Nancy Shlaes deGrazia  (63/57)




peter, v.2 slang or colloq.
[Origin unknown.]
1. trans. To cease, stop, leave off. slang.
1812 J. H. Vaux Flash Dict., Peter that, synonymous with stow that.
2. a. intr. (orig. U.S. Mining colloq.) To diminish gradually and cease; to
run out and disappear (as a stream, a vein of ore); to die out, give out,
fail, come to an end. Usu. const. out. Hence
'petering-out vbl. n.
1846 Quincy (Illinois) Whig 6 Jan. 1/4 When my mineral petered why they all
Petered me. If so be I gets a lead, why I’m Mr. Tiff again.
1854 H. H. Riley Puddleford vi. 84 He ‘hoped this ’spectable meeting war n’t
going to Peter-out’.
a1865 A. Lincoln in McClure Life (1896) 133 The store in which he clerked was
‘petering out’–to use his own expression.
1865 S. Bowles Across Continent 133 Humboldt River..runs west and south from
three hundred to five hundred miles, and then finds ignominious end in a
‘sink’, or..quietly ‘peters out’.
1881 Raymond Mining Gloss., Peter or peter out, to fail gradually in size,
quantity, or quality.
1883 Stevenson Silverado Sq., Childr. Israel i, But the luck had failed, the
mines petered out.
1892 Sat.
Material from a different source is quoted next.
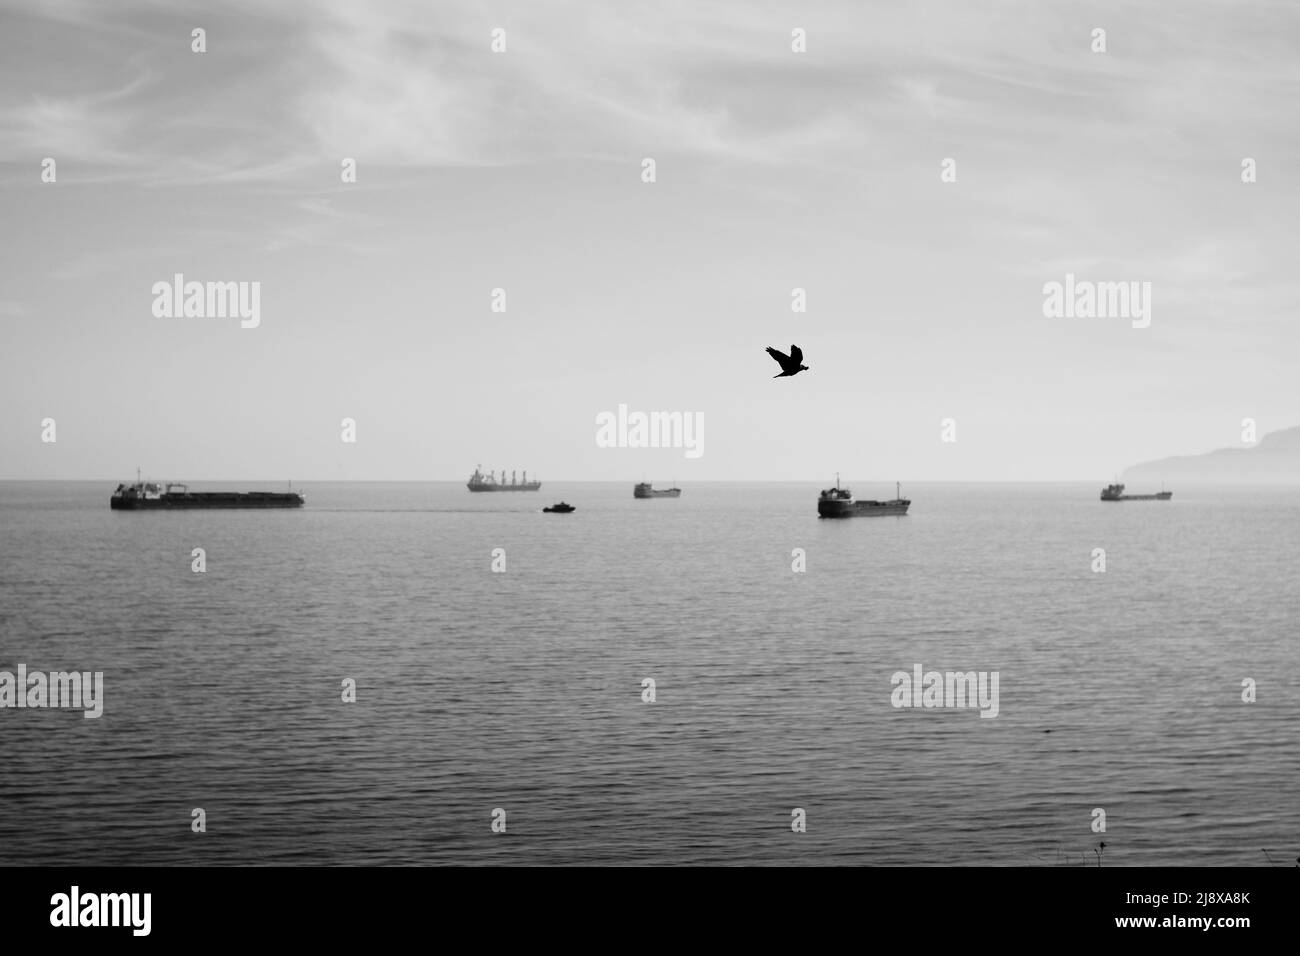 A monochrome photo of the cargo ships in the open sea Stock Photo

Rev. 9 Jan. 45/1 Human effort of all kinds tends..to ‘peter out’.
1923 R. Macaulay Told by Idiot iii. 221 The year and the government petered
towards their end.
1926 E. F. Spanner Naviators 100 Lucky your engine petered out, Sterne.
1944 F. Clune Red Heart 6 The fabulous silver-lead wealth..has enticed a city
of 15,000 inhabitants to arise in the desert wastes–and there they will
continue to dwell until the lode peters.
1949 ‘J. Tey’ Brat Farrar xix. 170 The..petering-out of the poorer suburbs.
1955 Times 28 June 3/3 With the end of this partnership, however, the innings
virtually petered out.
1976 Quoddy Tides (Eastport, Maine) 13 Aug. 4/4 Hurricane ‘Belle’..petered
out before reaching the Quoddy area.
b. trans. To exhaust; to cause or allow to peter out; const. away, to
squander. Freq. as ppl. adj.
1869 Overland Monthly III. 127 After a long desert journey the oxen become
much ‘petered’.


jo ann coen wrote:

> Darwin - I remember my Mother's favorite saying when she was tired, that
> she  was "all petered out".  When I was in the 3rd grace (a few years
> ago)  the teacher asked me if I was tired, and I said,   "yes, I'm all
> petered out".  Well, she rushed me to the principal's office
> (not the first time)  and they explained to me that that was not a "nice"
> thing for girls to say.  I told them My Mother said it, why couldn't I?
> Well,  they were speechless.  Now that I'm older (much older), I know
> exactly what   that phrase means   - and so do you.